Machine learning assisted Bayesian model comparison: learnt harmonic mean estimator

We resurrect the infamous harmonic mean estimator for computing the marginal likelihood (Bayesian evidence) and solve its problematic large variance. The marginal likelihood is a key component of Bayesian model selection to evaluate model posterior probabilities; however, its computation is challenging.

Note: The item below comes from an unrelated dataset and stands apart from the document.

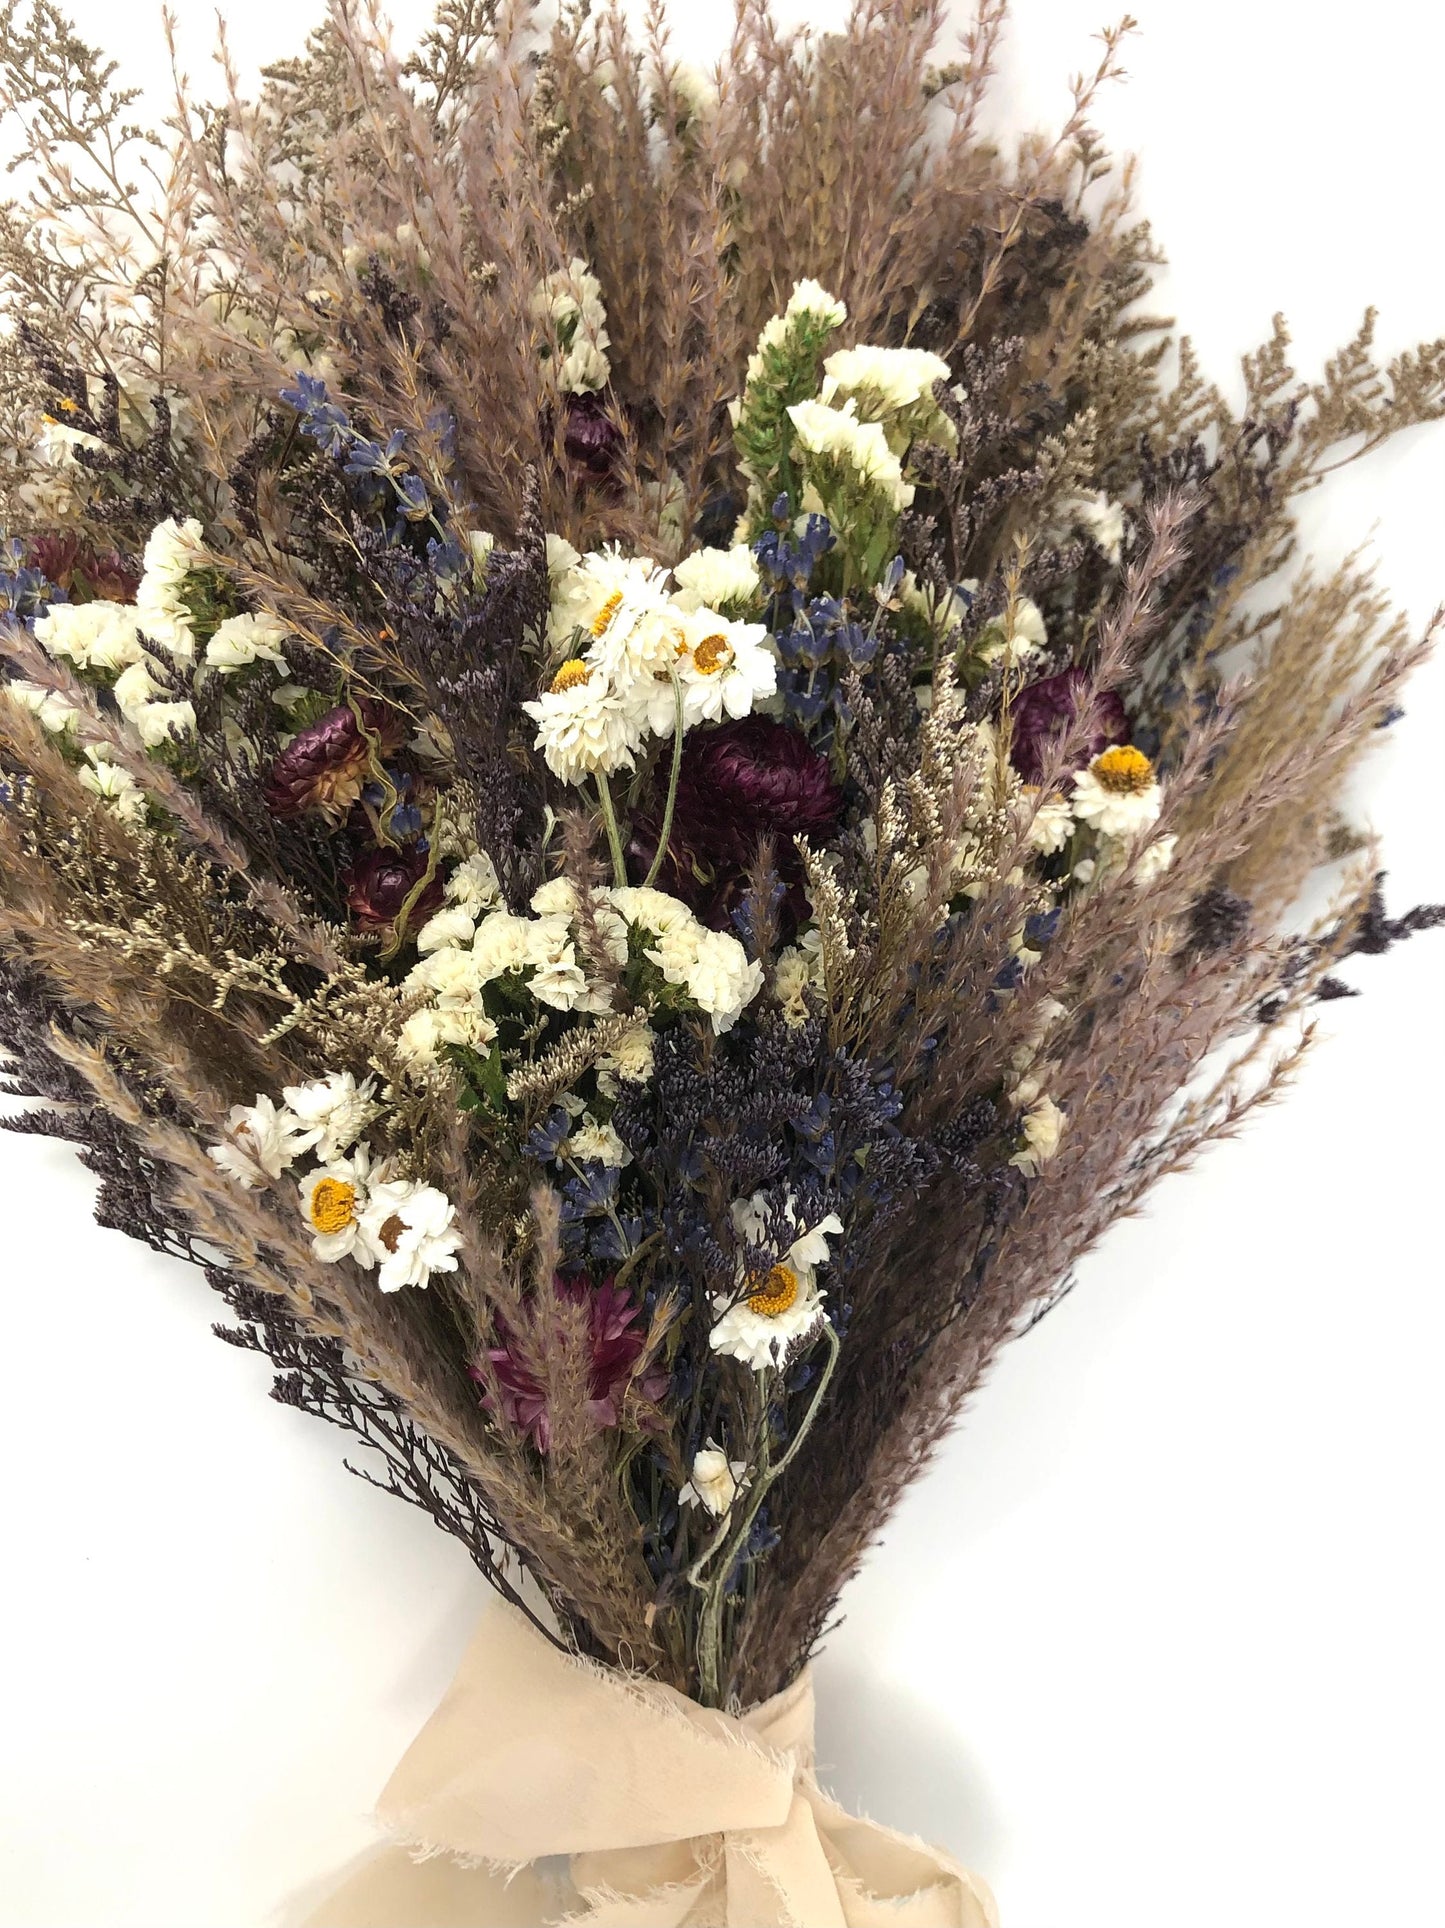 Wedding Bouquet, Dried Flowers, Beige, Brown, Purple, Fall, Wildflowers, Modern, Boho, Preserved, Floral, Pampas, Feather Grass

The original harmonic mean estimator, first proposed by Newton and Raftery in 1994, involves computing the harmonic mean of the likelihood given samples from the posterior. It was immediately realised that the original estimator can fail catastrophically since its variance can become very large (possibly not finite). A number of variants of the harmonic mean estimator have been proposed to address this issue although none have proven fully satisfactory. We present the \emph{learnt harmonic mean estimator}, a variant of the original estimator that solves its large variance problem. This is achieved by interpreting the harmonic mean estimator as importance sampling and introducing a new target distribution. The new target distribution is learned to approximate the optimal but inaccessible target, while minimising the variance of the resulting estimator. Since the estimator requires samples of the posterior only, it is agnostic to the sampling strategy used. We validate the estimator on a variety of numerical experiments, including a number of pathological examples where the original harmonic mean estimator fails catastrophically. We also consider a cosmological application, where our approach leads to $\sim$ 3 to 6 times more samples than current state-of-the-art techniques in 1/3 of the time. In all cases our learnt harmonic mean estimator is shown to be highly accurate. The estimator is computationally scalable and can be applied to problems of dimension $O(10^3)$ and beyond. Code implementing the learnt harmonic mean estimator is made publicly available

翻译：我们重新审视了用于计算边际似然（贝叶斯证据）的臭名昭著的调和均值估计器，并解决了其方差过大的问题。边际似然是贝叶斯模型选择中评估模型后验概率的关键组成部分，但其计算极具挑战性。最初由Newton和Raftery于1994年提出的原始调和均值估计器，通过计算基于后验样本的似然函数的调和均值来得到估计值。人们很快意识到该原始估计器可能灾难性地失效，因为其方差可能变得非常大（甚至不有限）。为应对此问题，学者们提出了一系列调和均值估计器的变体，但均未达到完全令人满意的效果。我们提出了*学习型调和均值估计器*，这是一种能解决原始估计器方差过大问题的变体。其核心思想是将调和均值估计器解释为重要性采样，并引入一个新的目标分布。该新目标分布通过学习逼近最优但不可达的目标分布，同时最小化所得估计器的方差。由于该估计器仅需后验样本，因此它对采样策略的选择是无关的。我们通过一系列数值实验验证了该估计器的性能，包括多个原始调和均值估计器灾难性失效的病理学案例。我们还考虑了一个宇宙学应用场景，在该场景中，我们的方法仅用当前最先进技术1/3的时间，即可获得多约3至6倍的样本。在所有案例中，我们的学习型调和均值估计器均展现出高度准确性。该估计器在计算上具有可扩展性，可应用于维度高达$O(10^3)$及以上的问题。实现学习型调和均值估计器的代码已公开提供。